冷酷な御曹司に一途な愛を注ぎ込まれて
「母のことはそうだろうなとは思っていましたが、父が……私、父に会えますか?」
私の問いに一希さんは大きく頷いた。
「会えるよ。ここに来る前警察にも通報したし、パトカーがそろそろ着く頃じゃないかな」
一希さんの言葉通り、パトカーの音が街中に響いた。一希さんは車を少し動かし、近くの有料駐車場へと車を停めた。
「ここで様子を見ようか」
「……はい」
お母さんは捕まるのだろうか。お父さんは大丈夫なんだろうか。不安がよぎる中、一希さんに謝罪をする。

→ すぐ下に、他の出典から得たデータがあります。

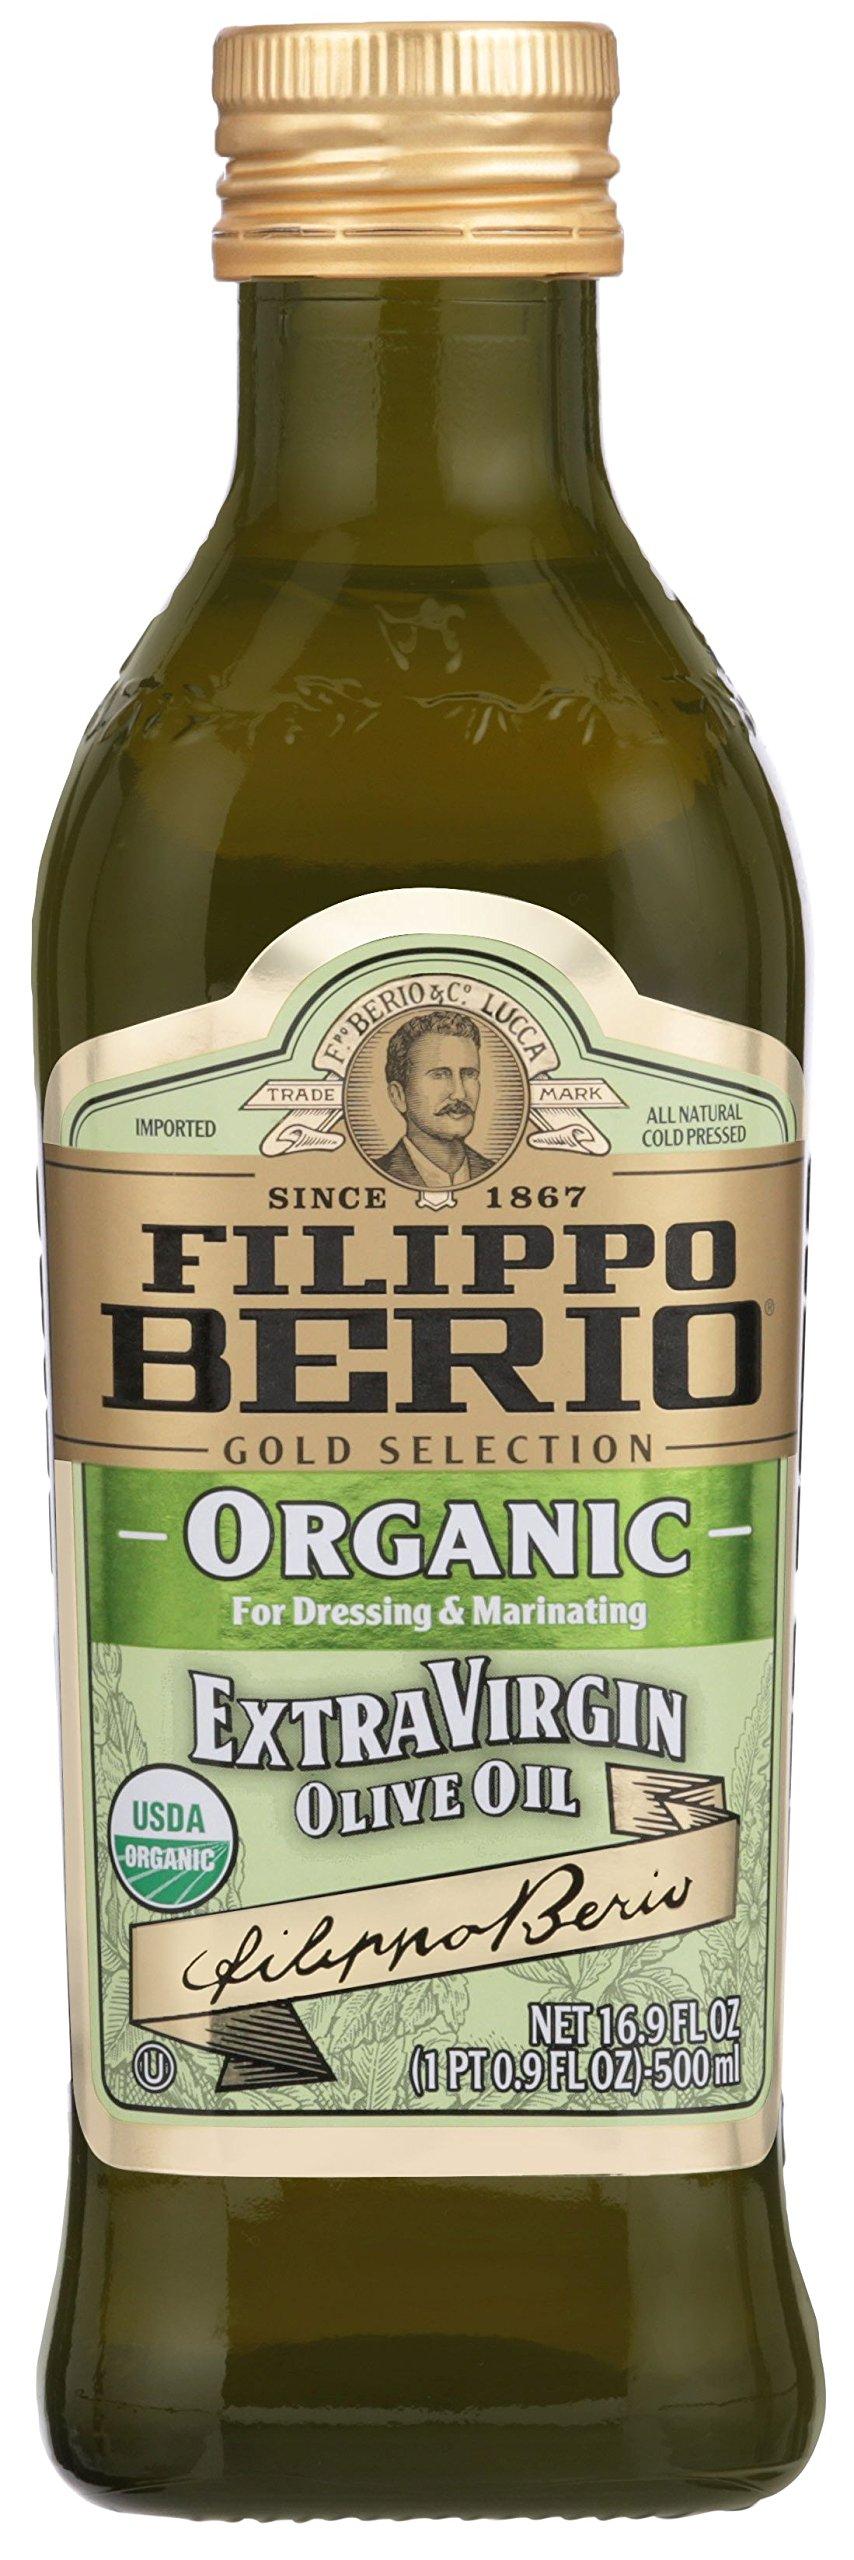 Filippo Berio Organic Extra Virgin Olive Oil, 16.9 Ounce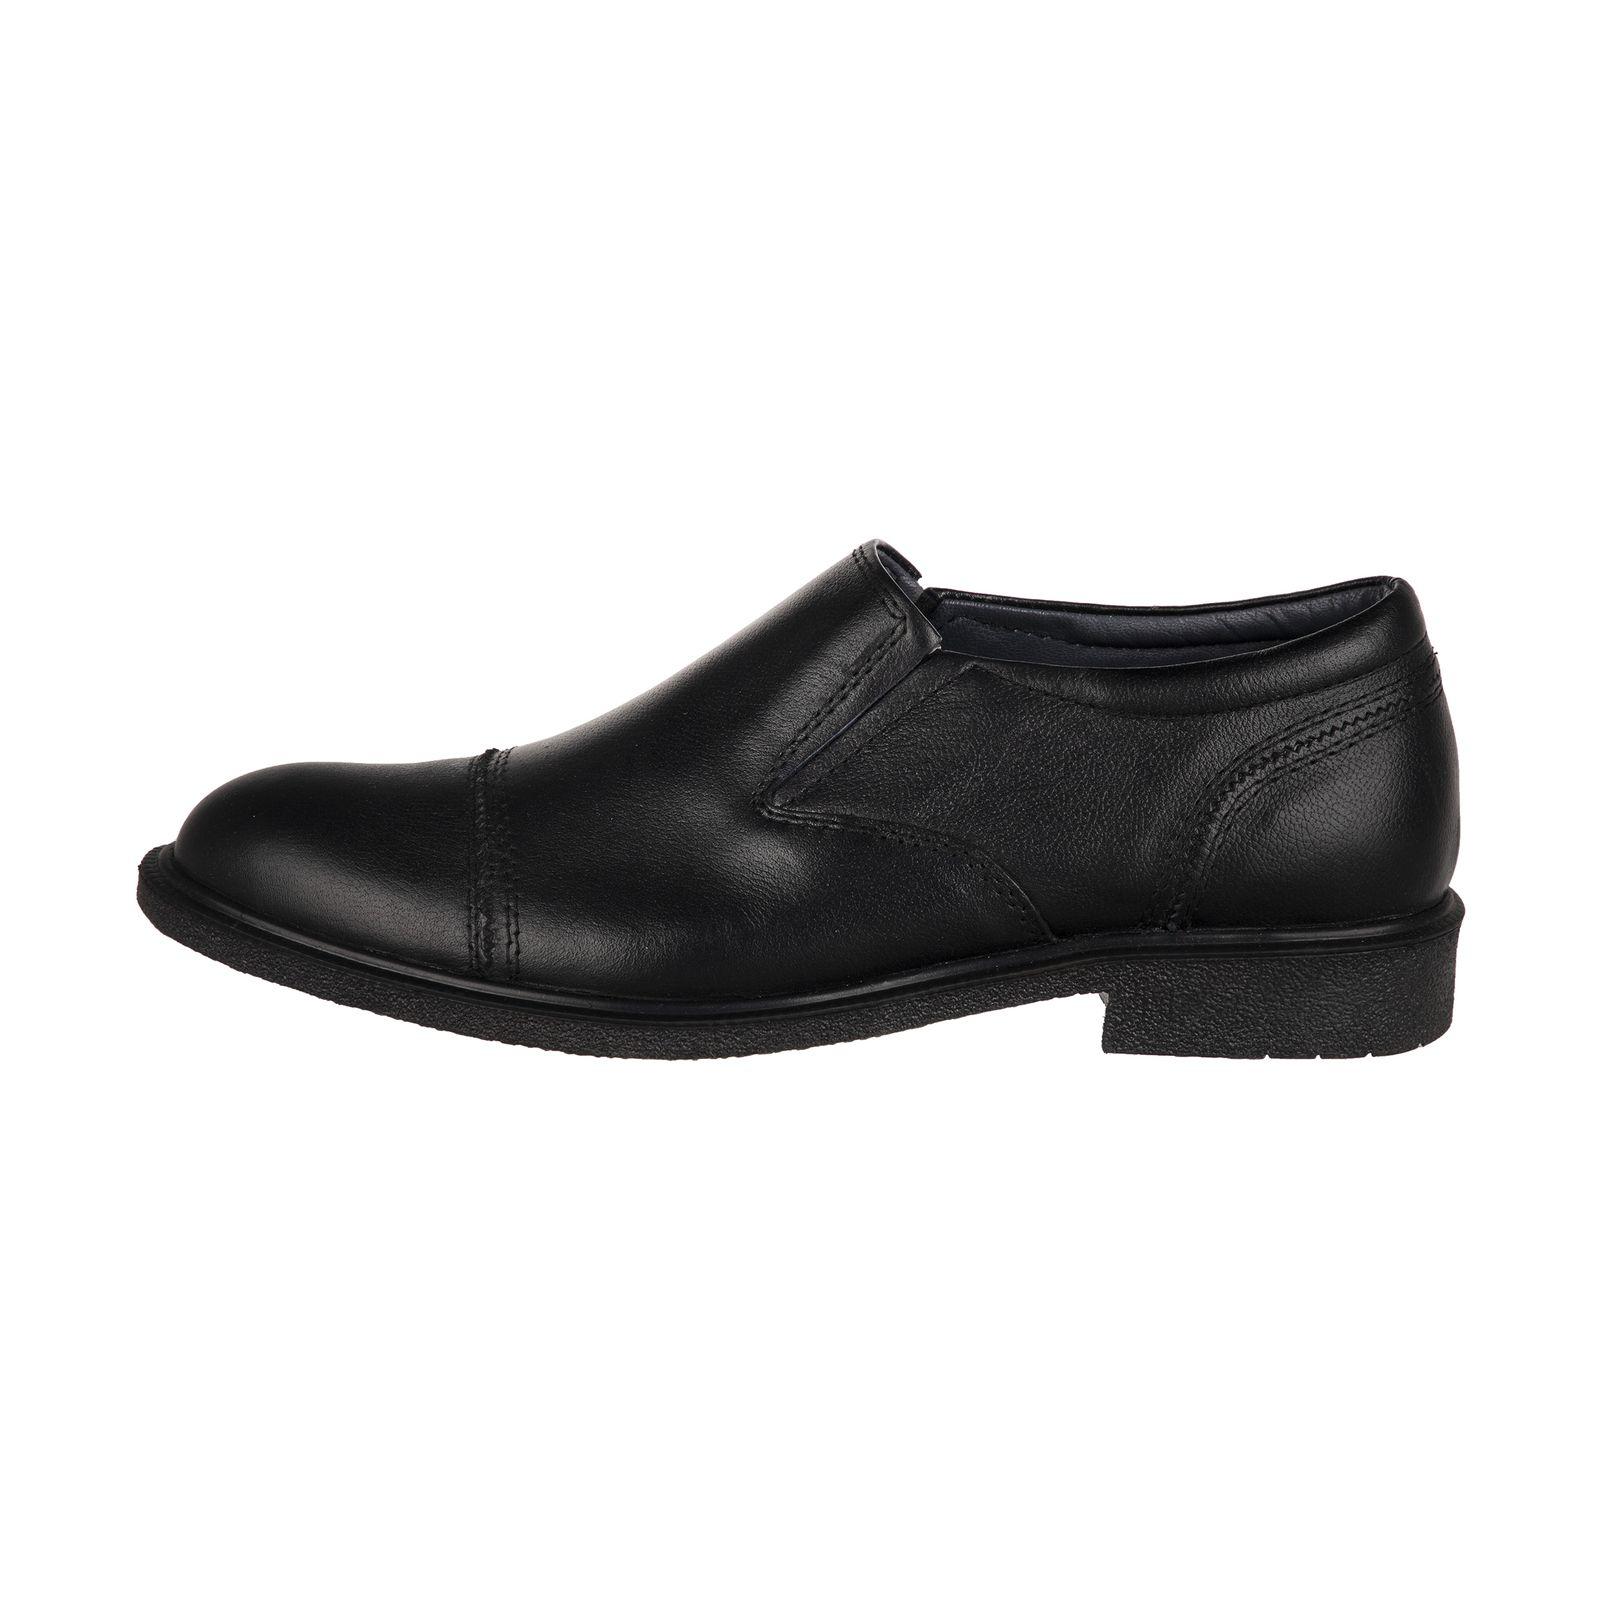 کفش مردانه سوته مدل 4870E503101 -  - 2

「私一人で決めつけて、一人で突っ走って……スミマセンでした……母は私を夜の街に売ろうと考えていたみたいで、もう帰れないかもしれないと思うと怖くてたまらなかったです……」
「本当に無事で良かったよ。もしあの運転手が俺が用意した人じゃなかったら、詩織、今頃本当にヤバイよ」
「――っ、はい……ごめんなさい……私、一希さんに迷惑かけたくなくて……私は一希さんのこと、お店で働き始めた頃から好きでしたけど、一希さんはそうじゃないって思ったら胸が痛くて……」
謝罪ついでに自分の想いをぶつけてしまった。